Ok, não faça nada, espere uma equipe chegar — orientou. — Entendeu?

Gisele apenas o ignorou, desligou o telefone e bufou.

No quarto, Beatrice bateu na porta até que Megan a abrisse e a deixasse entrar, Beatrice tentava convencer a amiga de que tudo ficaria bem, tentava acalma-la.

— Eu não mereço você — Megan estava perturbada.

— Megan, somos amigas — Beatrice segurou na mão dela.

— Você não entende — Megan soltou a mão de Beatrice e começou a chorar. — Eu menti para você!

— Sobre a Outra, eu sei...

— Não — encarou-a. — Eu sei quem te atropelou.

— O quê? — Beatrice respirou confusa.

— Foi Jason — disse entre dentes. — Eu vi.

— Megan...

— Ele me ameaçou, mas não importa — olhou-a. — Eu devia ter te contado.

— Não... Megan...

— Eu deixei que ele escapasse impune — continuava a olhando, culpada. — É tudo minha culpa.

— Megan, podemos não falar nisso, por favor? — Beatrice pediu. — Isso não importa, não mais.

— Mas...

— Eu entendo... — respirou fundo. — Mas realmente, não importa, isso não muda o que aconteceu.

— Mas você merecia saber — argumentou.

— Por quê?

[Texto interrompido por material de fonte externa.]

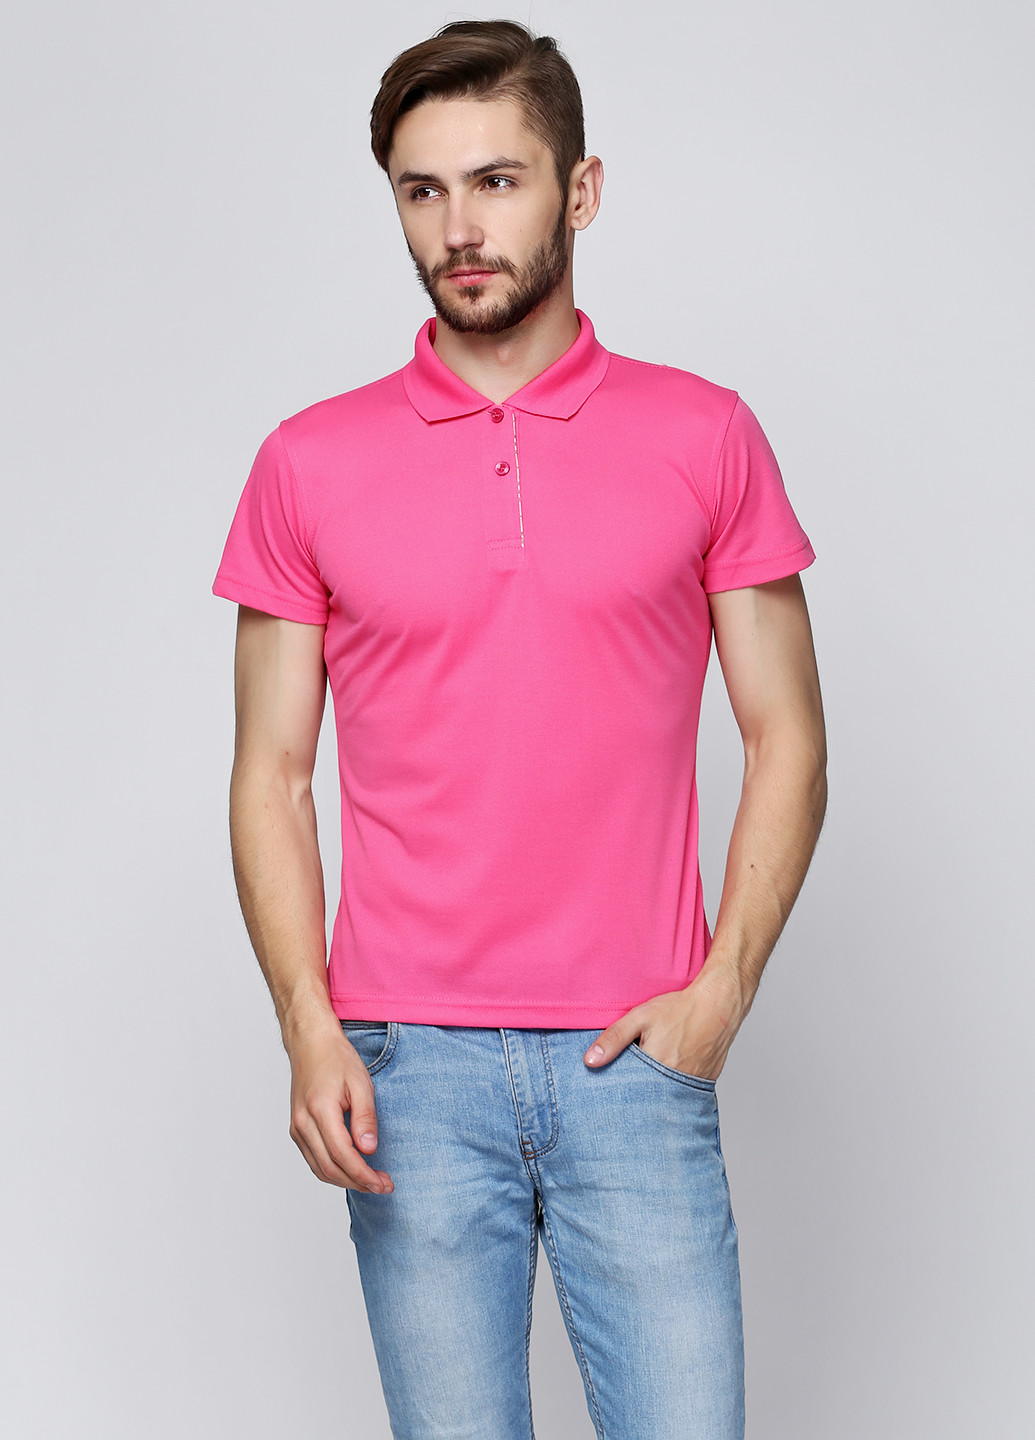 Розовая футболка-поло для мужчин SOT однотонная

Como isso poderia tornar as coisas melhores?

Enquanto isso, na sala, eles ouviram batidas na porta e Wanessa decidiu abrir, deparando-se com Tiffany.

— O que você está fazendo aqui? — Wanessa ficou confusa ao vê-la.

— Aconteceu um incidente na escola, alguma garota desapareceu — disse. — Você sabe alguma coisa?

— Não! — Wanessa tentou fechar a porta, mas Tiffany a impediu.

— Cadê a Megan? — Tiffany questionou.

— No quarto — Wanessa tentou fechar a porta novamente, mas de novo, Tiffany a impediu.

— E Beatrice?

— Vai embora! — Wanessa fez mais força para fechar a porta, porém, Tiffany a empurrou e conseguiu entrar, se deparando com Lovatelli e Jack ali.

— O que está acontecendo? — Tiffany perguntou ao se deparar com aquela cena. Ela olhou para Jack. — Você não estava morto?

— Tiffany, vá embora! — Wanessa pediu. — Não é uma boa hora.

— Boa hora para o quê? — questionou. — O que está acontecendo?

Antes que pudesse ser respondida, Tiffany viu Gisele abrir a porta repentinamente e entrar no local.

— Emma? — Tiffany questionou surpresa, foi quando Gisele sacou uma arma.

— Cuidado! — Jack protegeu Tiffany e Wanessa, enquanto Gisele atirou em Lovatelli.

No quarto de Megan, as duas garotas ouviram os tiros e se assustaram.

— O que aconteceu? — Beatrice perguntou assustada, ela tentou sair do quarto, mas Megan a segurou.